**Work order:**
The material below holds pictures; leave them out and reproduce exactly the lines from the one with "Wallachian winter at Lukovo Castle" through the one with "IMG Kirchenmusik ebensee", inclusive.
(Records for this task Opens)
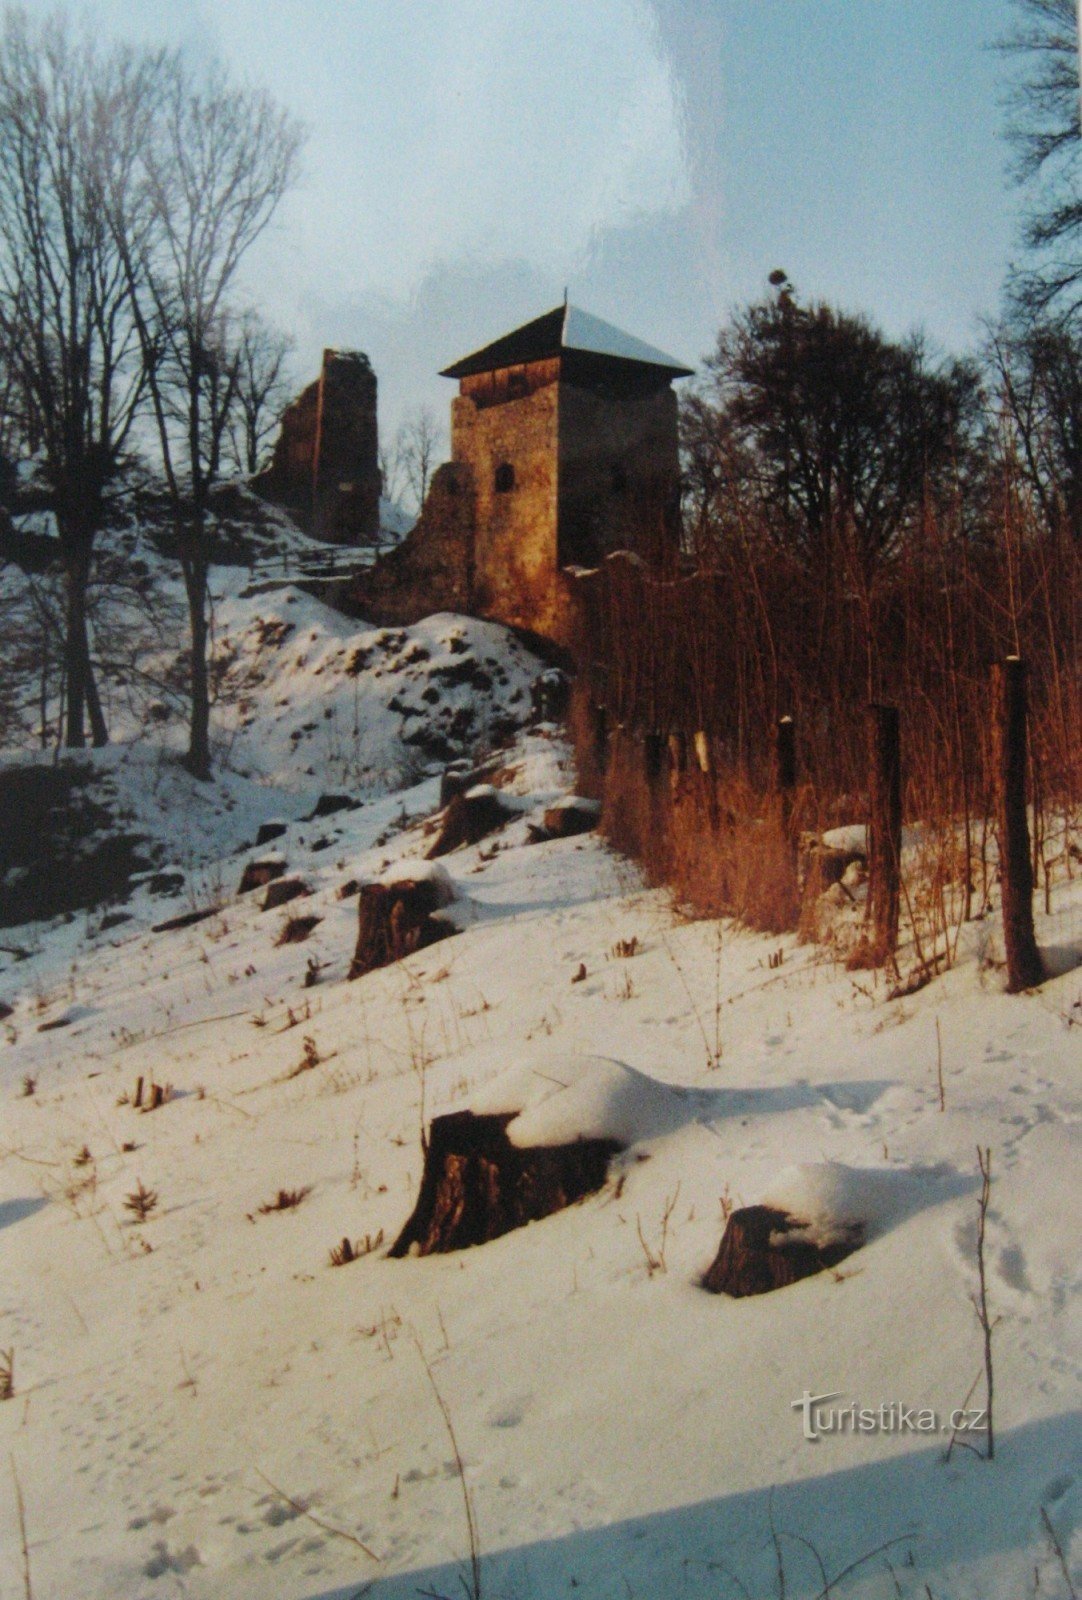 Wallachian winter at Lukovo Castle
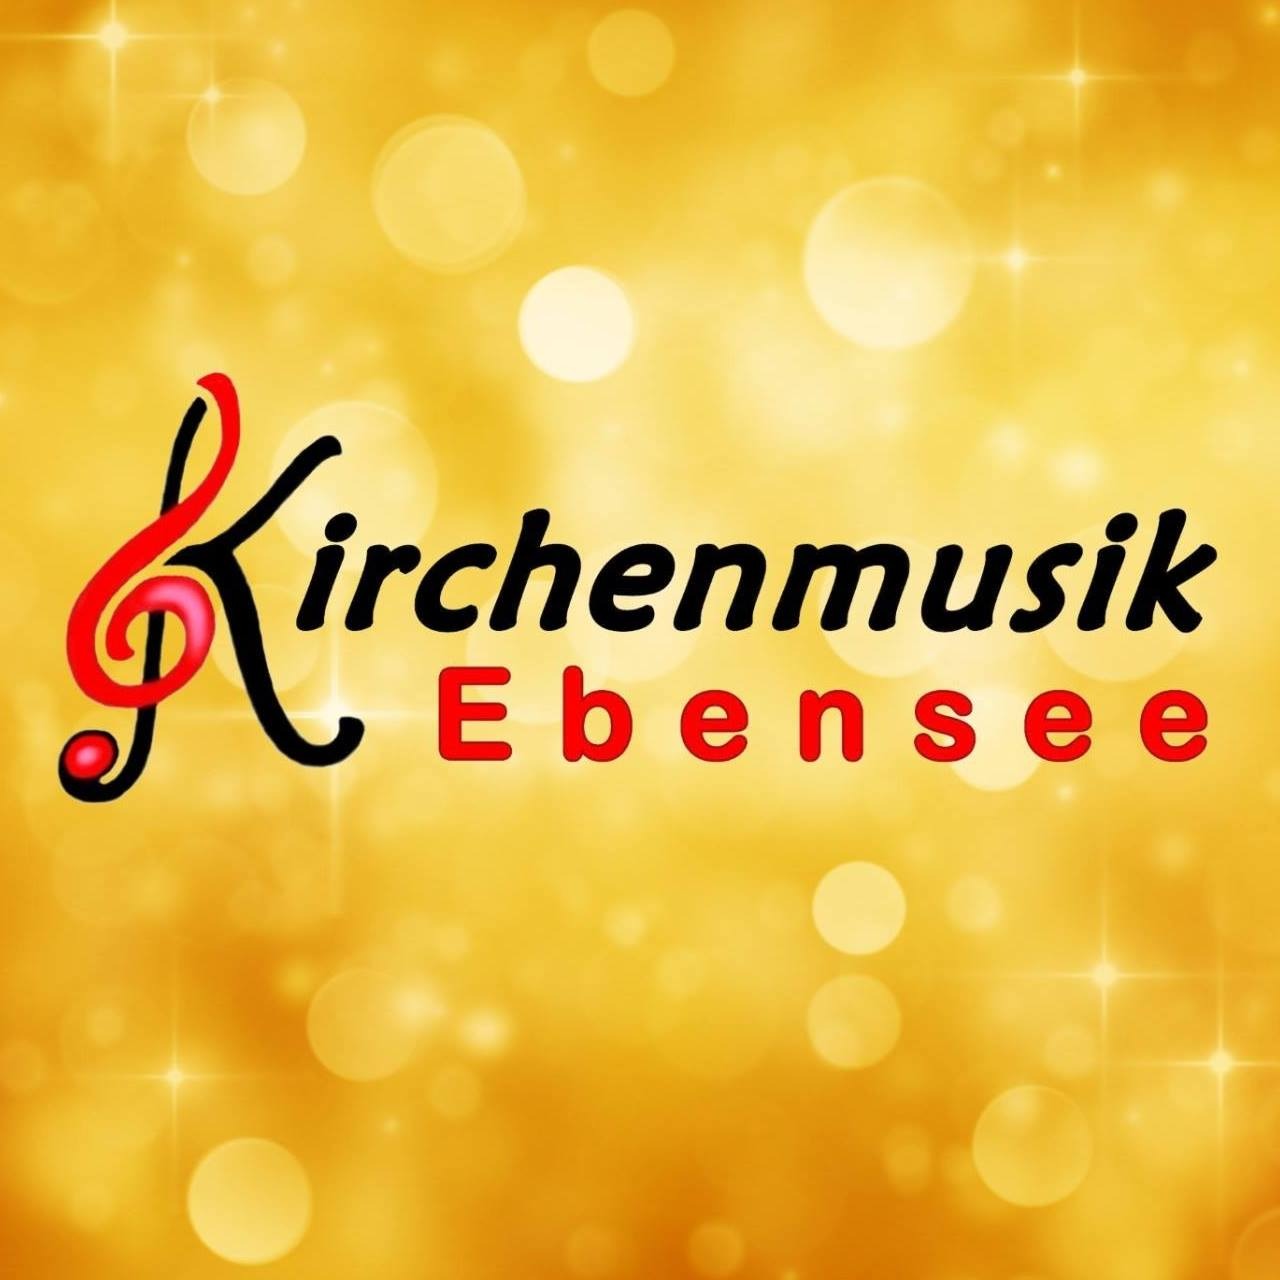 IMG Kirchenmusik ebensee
(Records for this task Closes)
(Records for this task Opens)
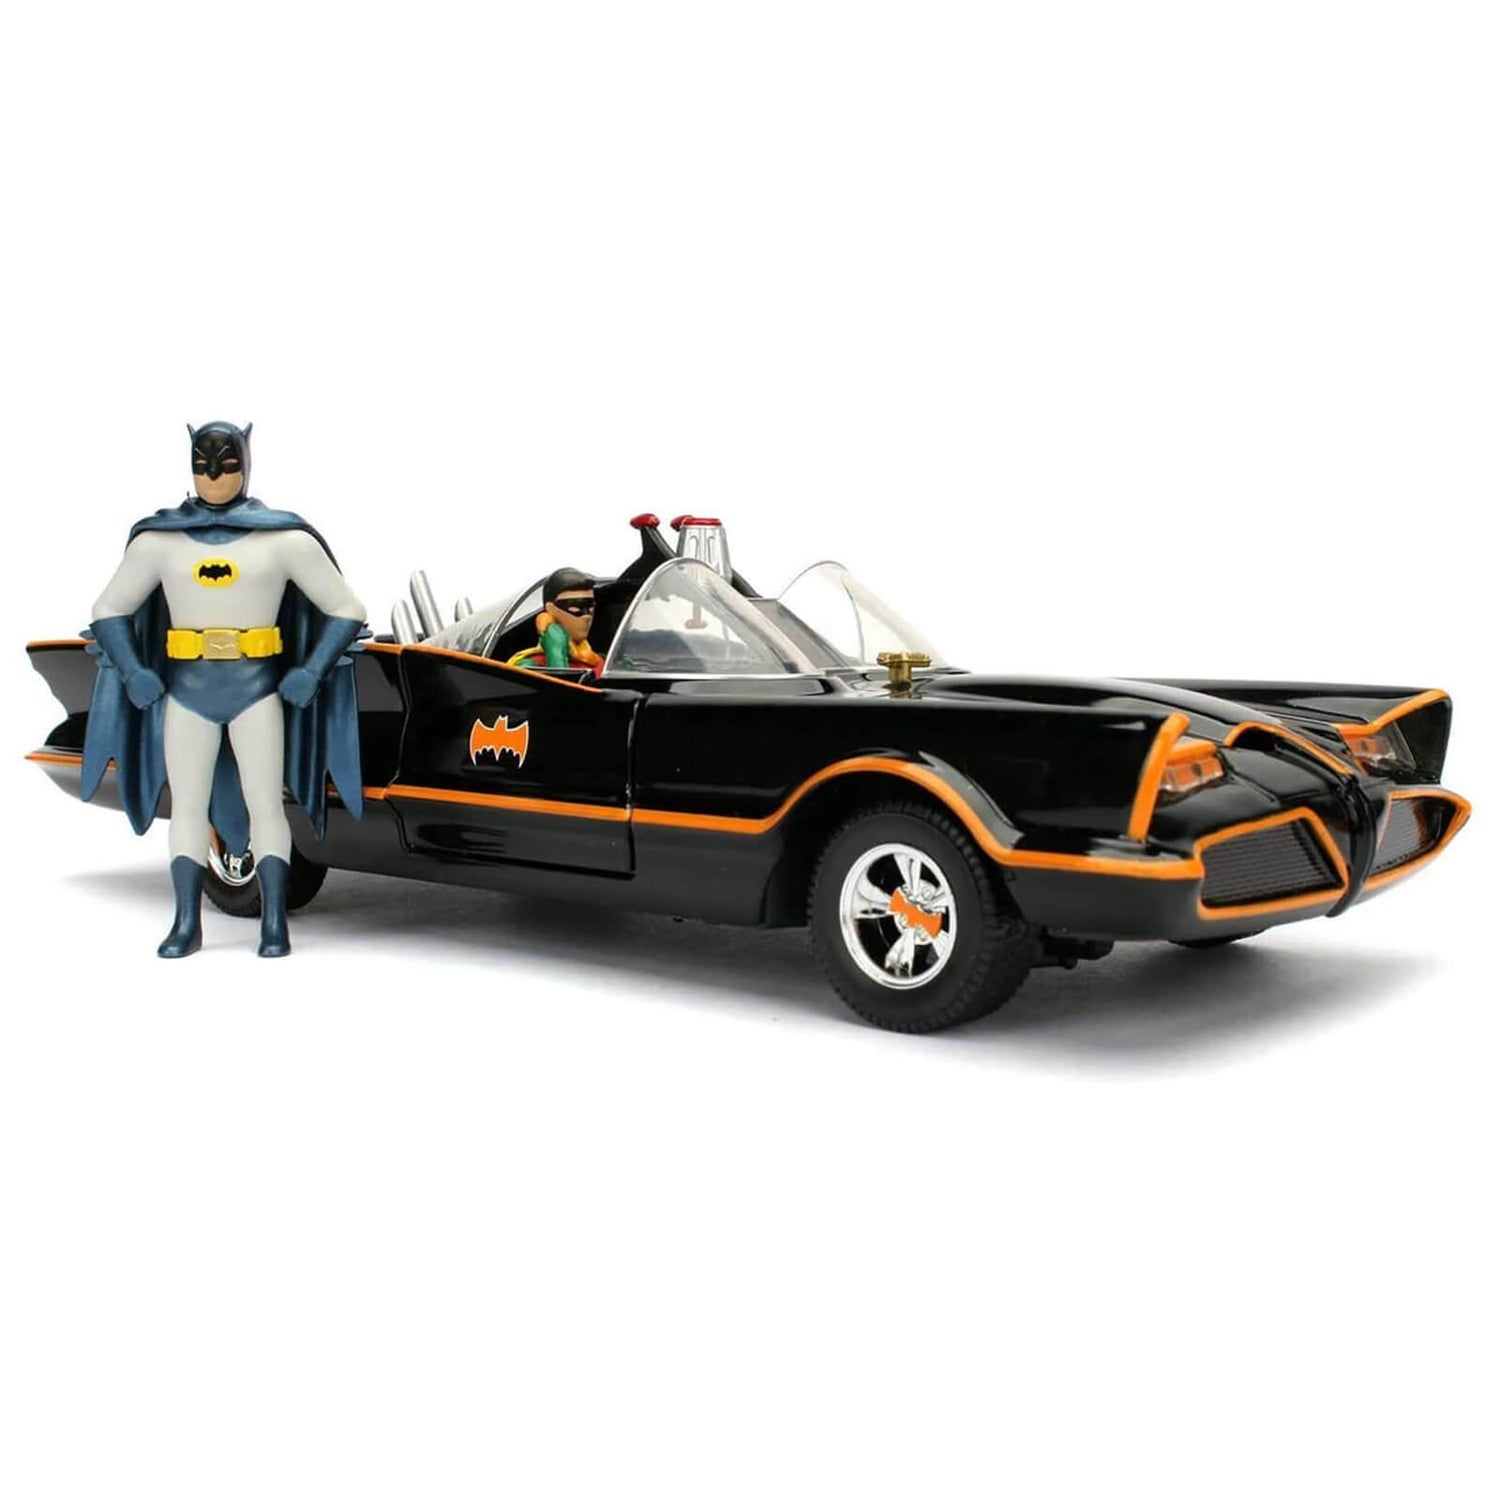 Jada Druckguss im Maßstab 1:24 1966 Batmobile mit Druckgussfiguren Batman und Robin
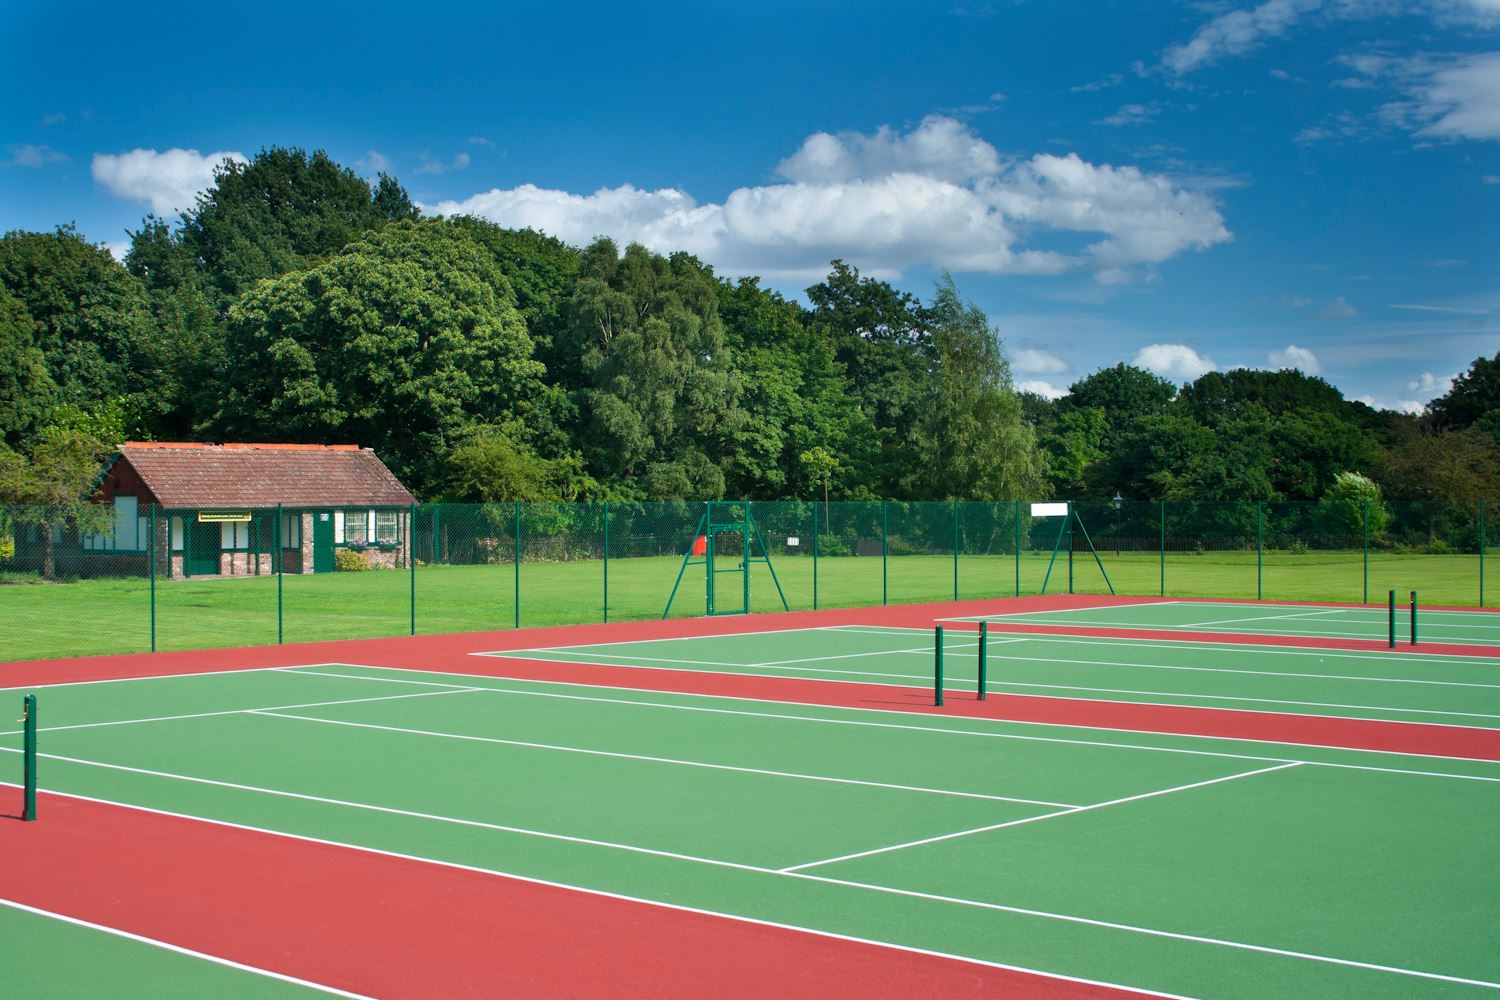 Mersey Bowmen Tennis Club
(Records for this task Closes)
**Answer to this problem:**
 Wallachian winter at Lukovo Castle
 IMG Kirchenmusik ebensee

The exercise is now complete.